My Grandmother's Slippers
Size: Adjustable (children to adult)
Materials: About 150 yards each of 2 colors of worsted weight yarn (Color A and Color B).
Size 8 needles
Pompom maker
Tapestry needle
Gauge: 7 sts=2 inches, 6 rows (3 ridges) = 1 inch in garter stitch on size 8 needles
Slipper (make 2)
With 1 strand Color A held together with 1 strand Color B, cast on 29.

Foot portion:
Row 1: Knit 9, purl 1, knit 9, purl 1, knit 9.
Row 2: Knit across.
Repeat these 2 rows until garter stitch portion measures approx. 4-5 inches for children; 7-8 inches for adults.

Begin ribbed toe portion:
Row 1: Knit 1, purl 1, rep from * across.
Row 2: Knit the knit stitches and purl the purl stitches as they face you to form knit 1, purl 1 ribbing.
Repeat last row until ribbed portion measures approx. 2 inches for children, 3-4 inches for adults or until measurement of piece from beginning is 1/2 inch less than total foot length.

On last row of ribbing, decrease one stitch so there are 28 stitches remaining.

For pointy-toe version:
Decrease for toe: *Knit two together, rep from * across (14)
Next row: Purl across (14)
Next row: *Knit 2 together, rep. from * across (7)
Next row: Purl across (7)

For round-toe version:
Decrease for toe: *Knit 2 together, rep. from * across (14)
Cut yarn, leaving tail long enough for sewing toe seam. Gather remaining stitches together by running yarn through stitches on tapestry needle and pulling tight to close toe, then sew toe seam until you reach the garter stitch portion. Finish off and weave in ends. With separate length of yarn sew up heel seam.

If desired, make 2 large, fluffy pompoms, using both colors together and attach to top of slipper.

The baby spiral socks in the top photo (center) knit in multicolored yarn, took some getting used to. I never did memorize the pattern and I used double pointed needles in a size 3, and this was my first double pointed -- more than two-needle project ever! So I'm quite pleased with them.

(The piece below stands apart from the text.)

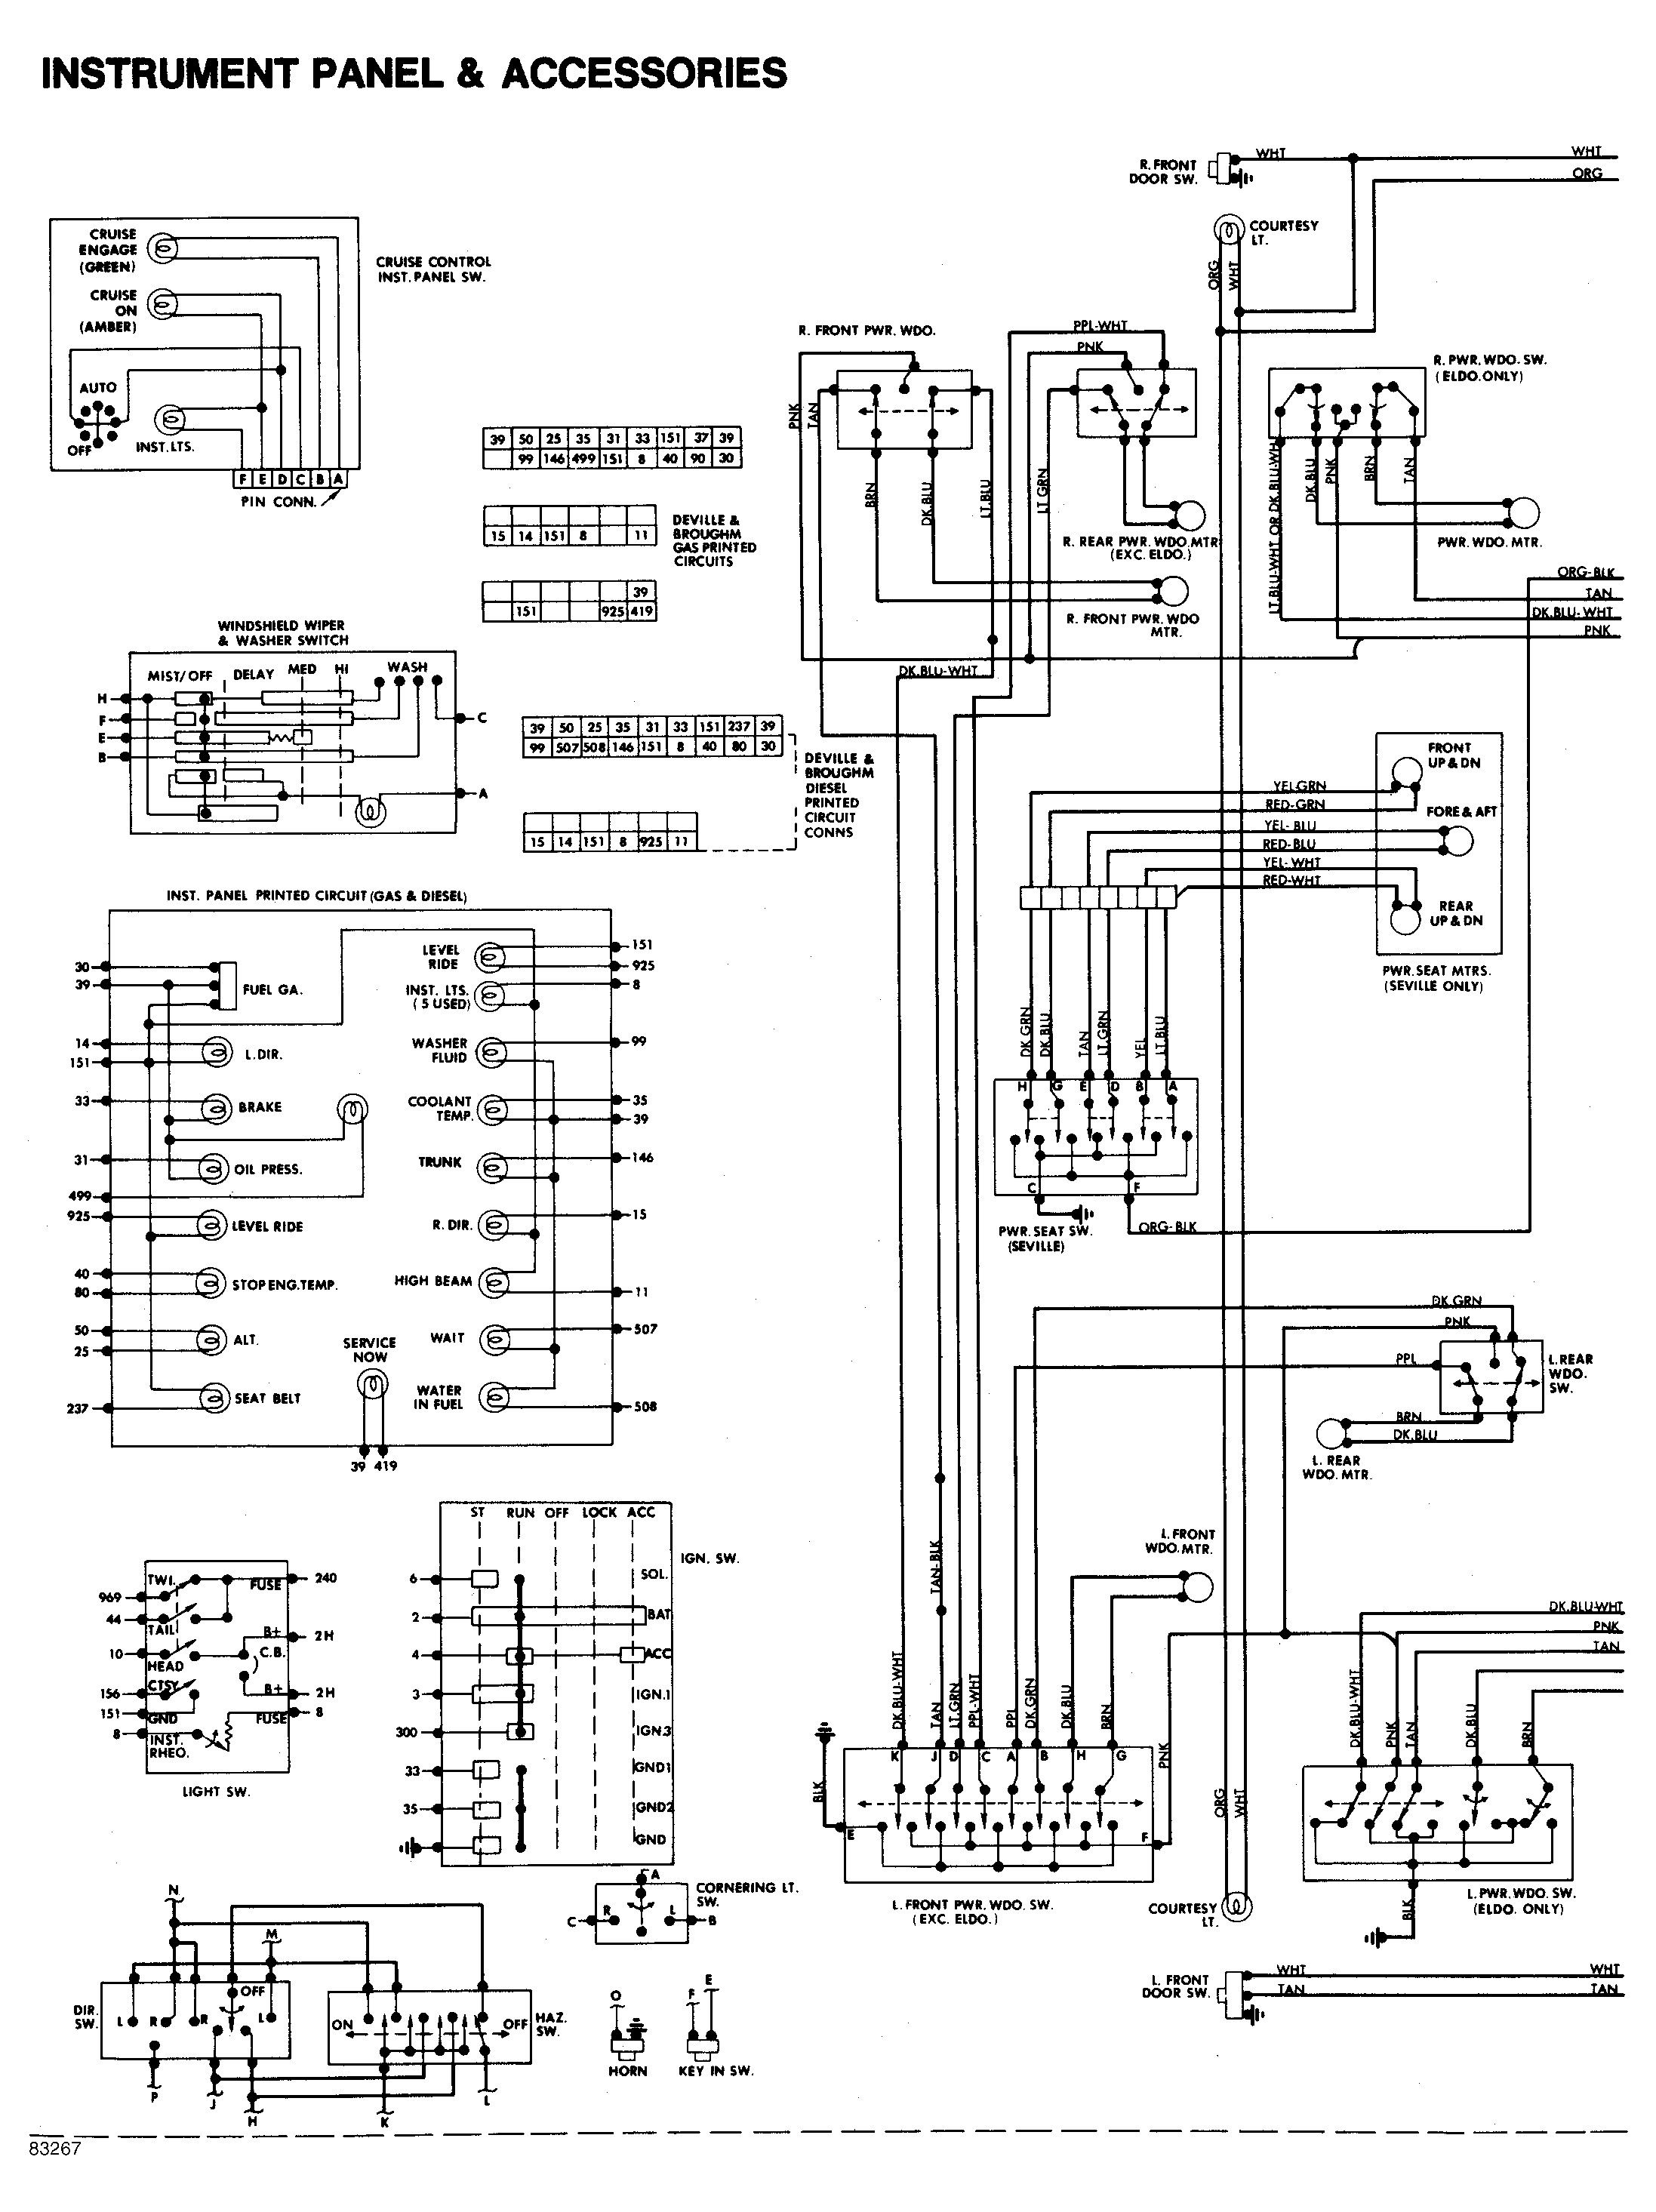 daewoo lanos wiring diagram honeywell frost stat nubira 2 schematic library 1998

The pattern, Juanita's knit booty pattern, I truly enjoyed making, but they ended in a bit of disappointment because the top needs more stretch to it or no one can get their foot in it! I thought about putting in a zipper! But it is a fun two-needle pattern that could be made on double pointed needles by someone smarter than me. It has turned into my "Cinderella slipper". I take it to friends and loved ones and have them try it on. If they can get their foot in it -- it is theirs! I hate to unravel or admit defeat.

More than you ever wanted to know about yarn and slippers, I bet.